Background: A continuation study of an extract of St. John’s wort (Hypericum perforatum) for depression was performed in follow-up to an acute study that found no significant difference between St. John’s wort extract and placebo.

Method: Seventeen subjects with DSM-IV-defined major depressive disorder who responded to St. John’s wort extract in the acute-phase study (phase 1) were continued on double-blind treatment with the same preparation for 24 weeks. Ninety-five subjects who did not respond to either St.

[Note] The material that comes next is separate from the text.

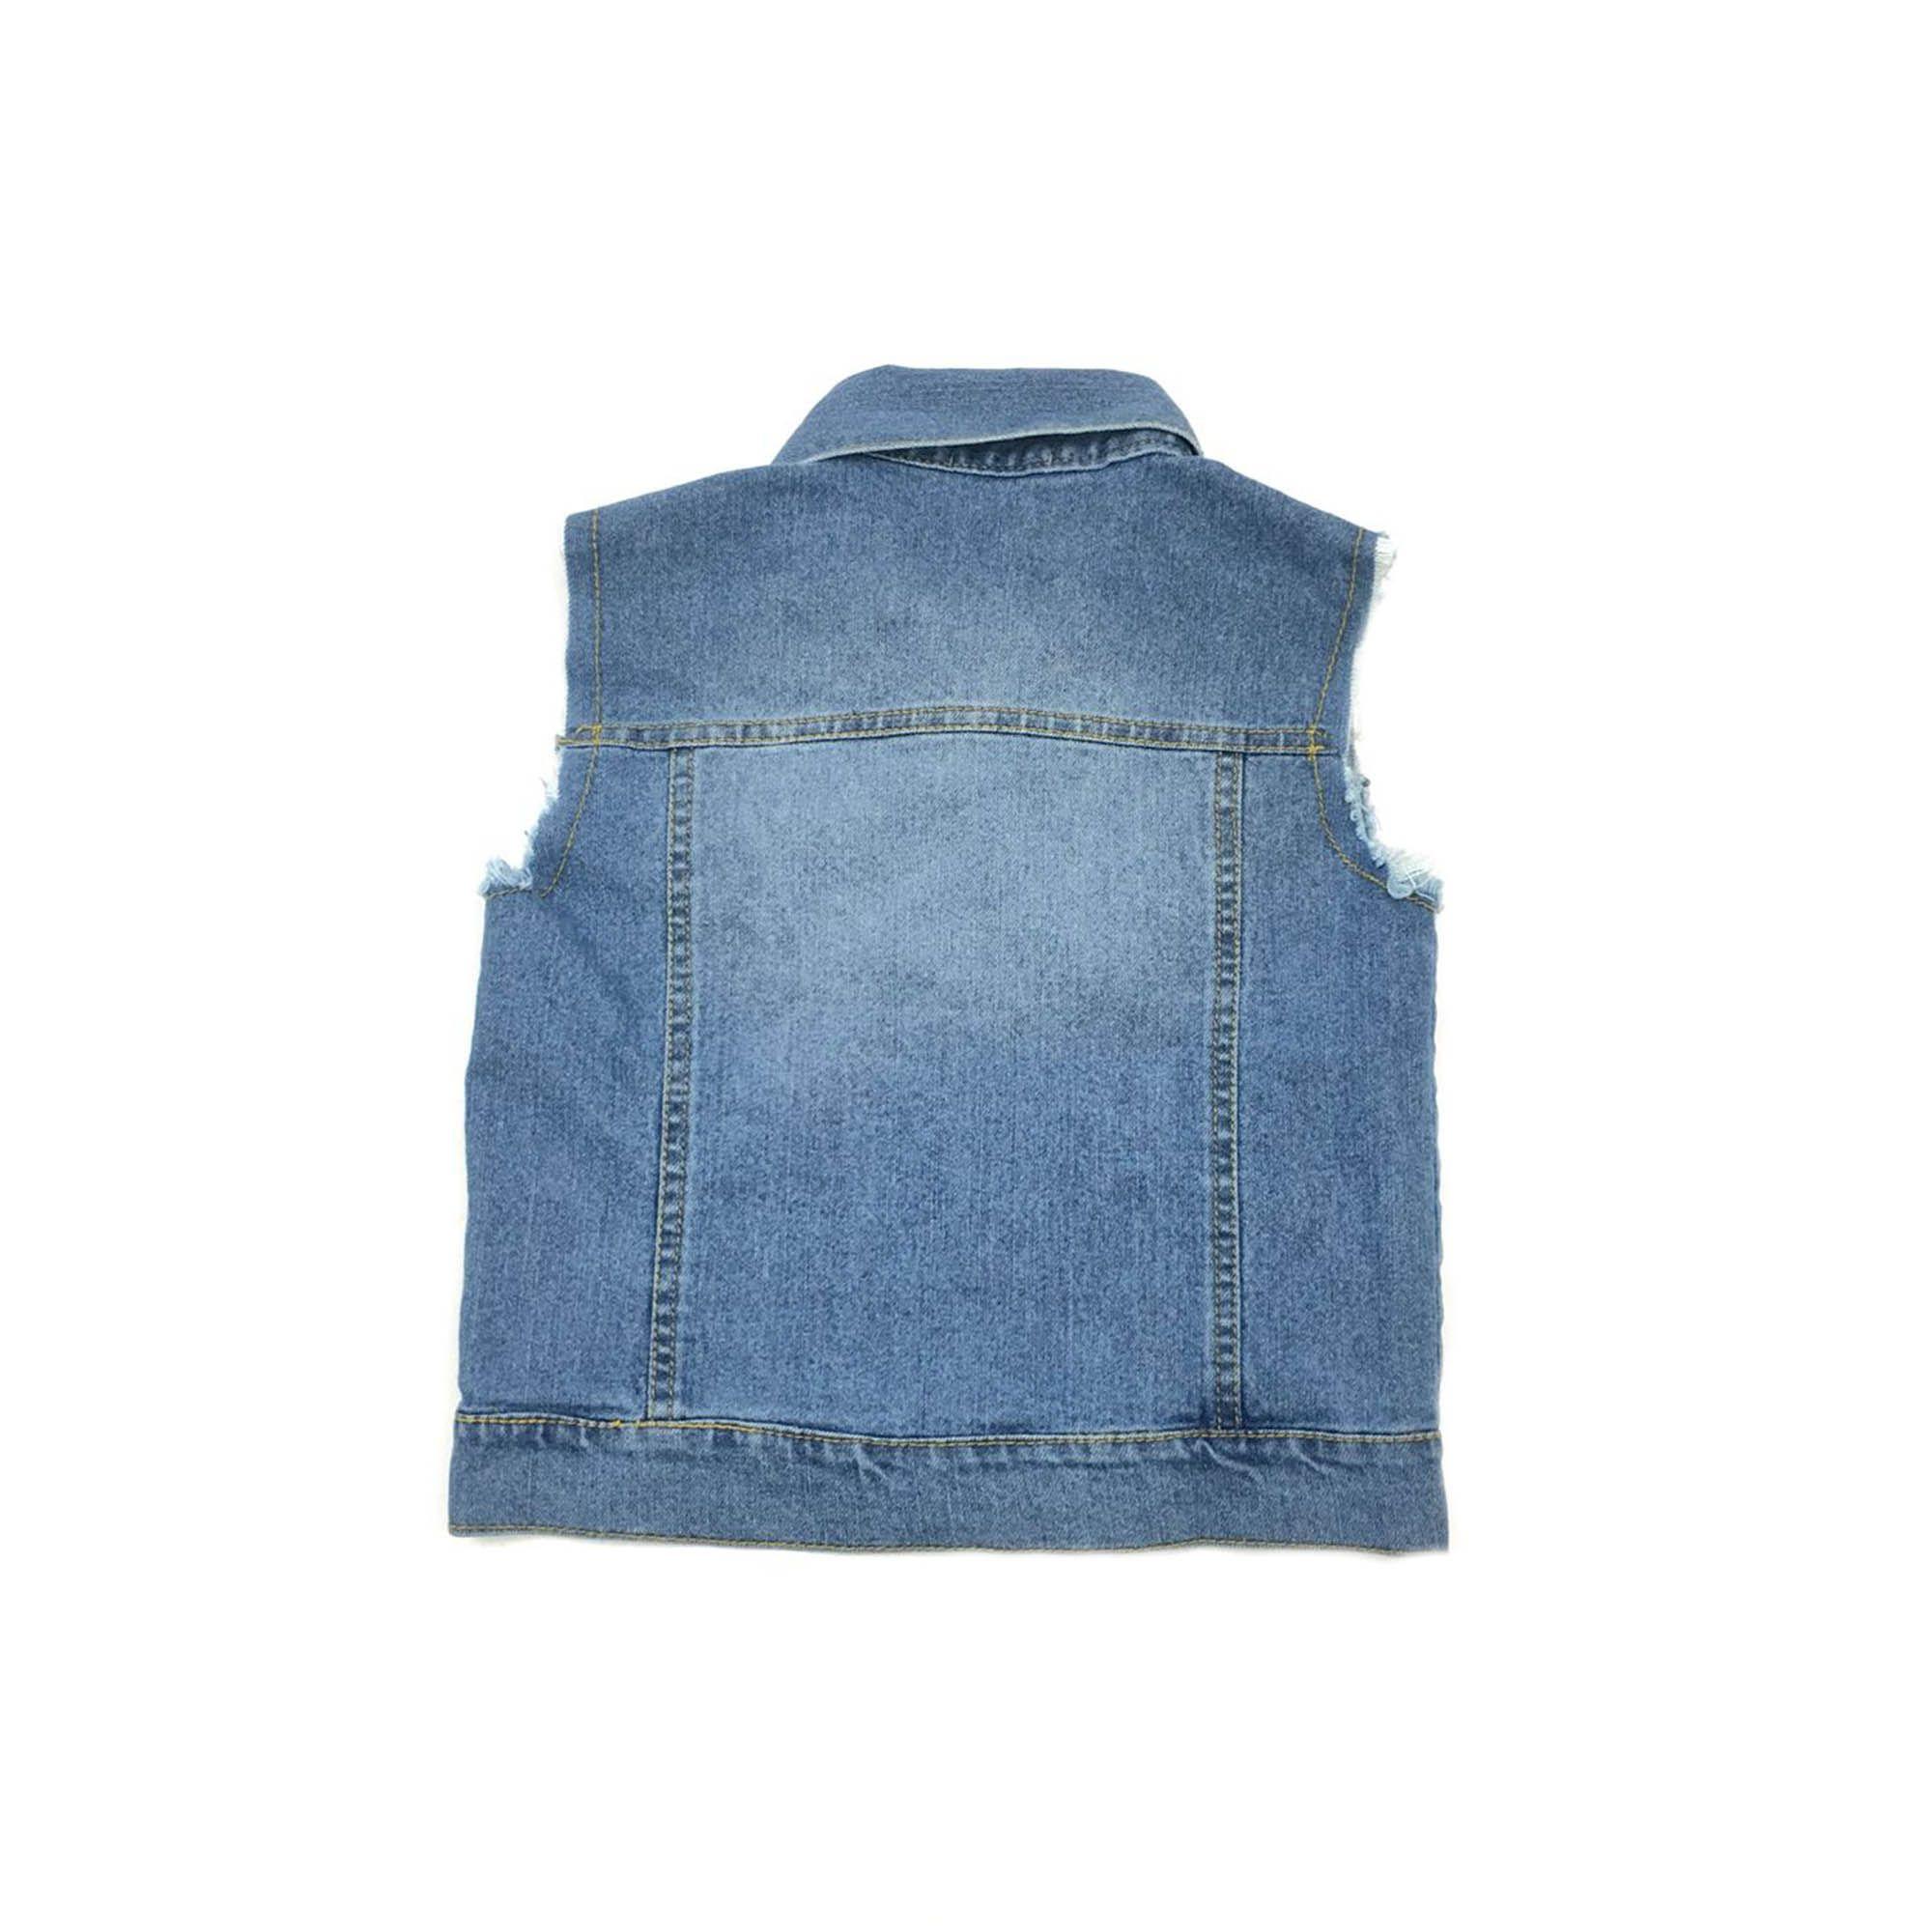 Colete Jeans Bambollina 10892
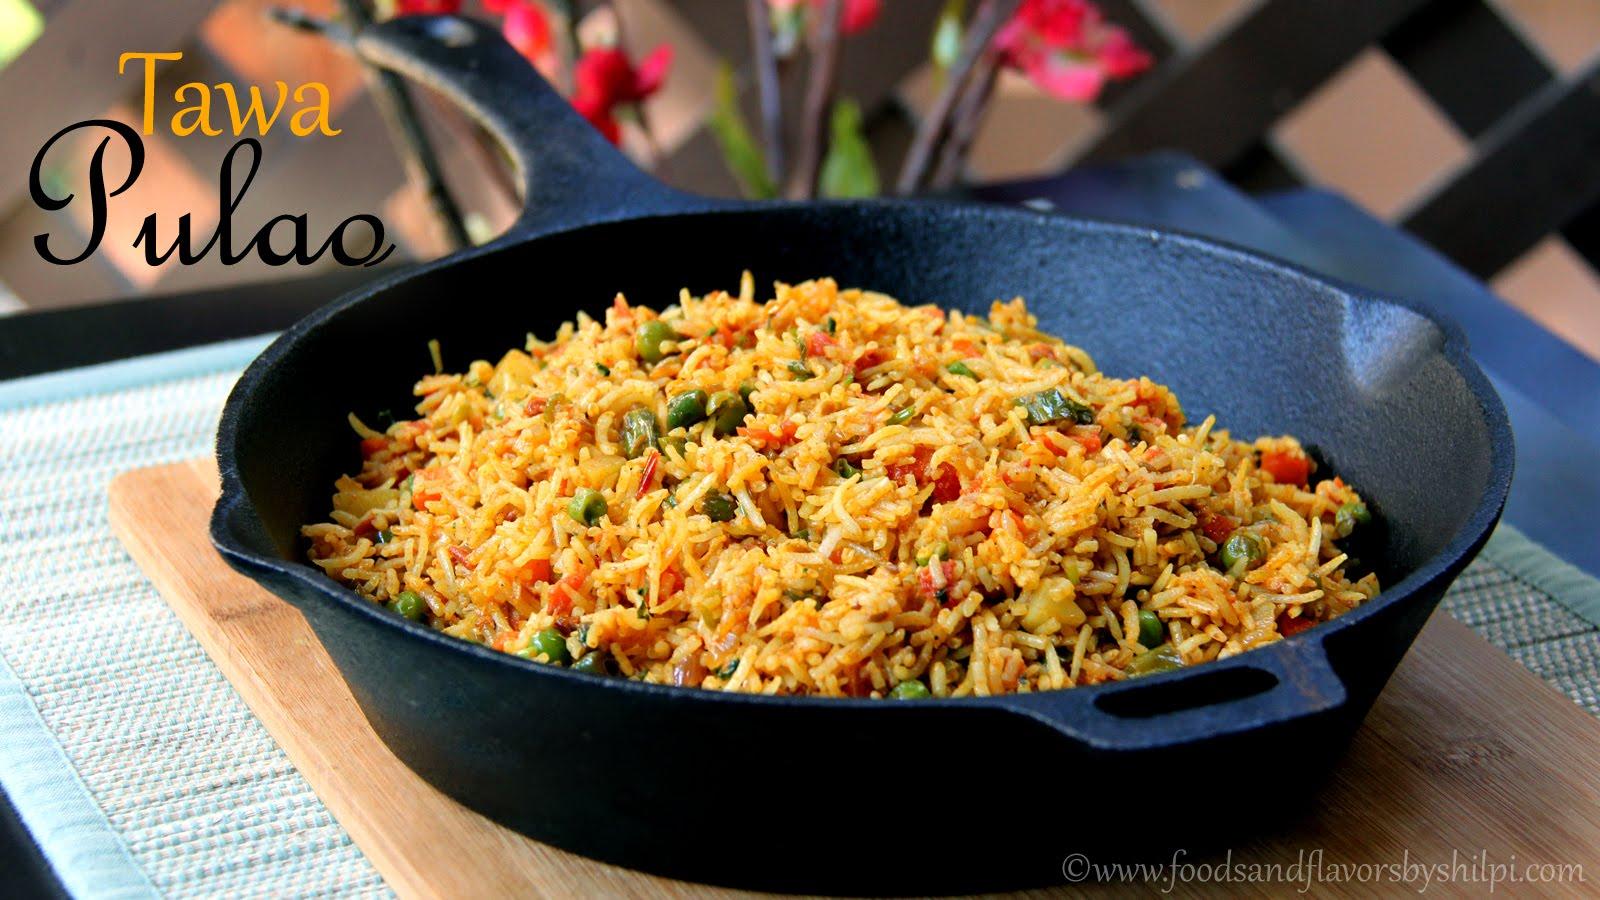 Tawa Pulao Recipe   Mumbai Style tawa Pulao -Quick & Easy Indian Vegetarian Rice Recipes by Shilpi

John’s wort or placebo were treated with an antidepressant for 24 weeks.

Results: During antidepressant treatment, mean scores on the Hamilton Rating Scale for Depression for phase 1 nonresponders decreased significantly (p < .0001), with no significant difference between St. John’s wort nonresponders and placebo nonresponders. Of the 17 subjects continued on treatment with St. John’s wort extract, 5 (29.4%) relapsed.

Conclusions: The subjects who did not respond to St. John’s wort extract or placebo in phase 1 were, by and large, not resistant to antidepressant treatment. This suggests that the lack of efficacy found by Shelton et al. in the acute-phase study was unlikely to be the result of a high proportion of treatment-resistant subjects.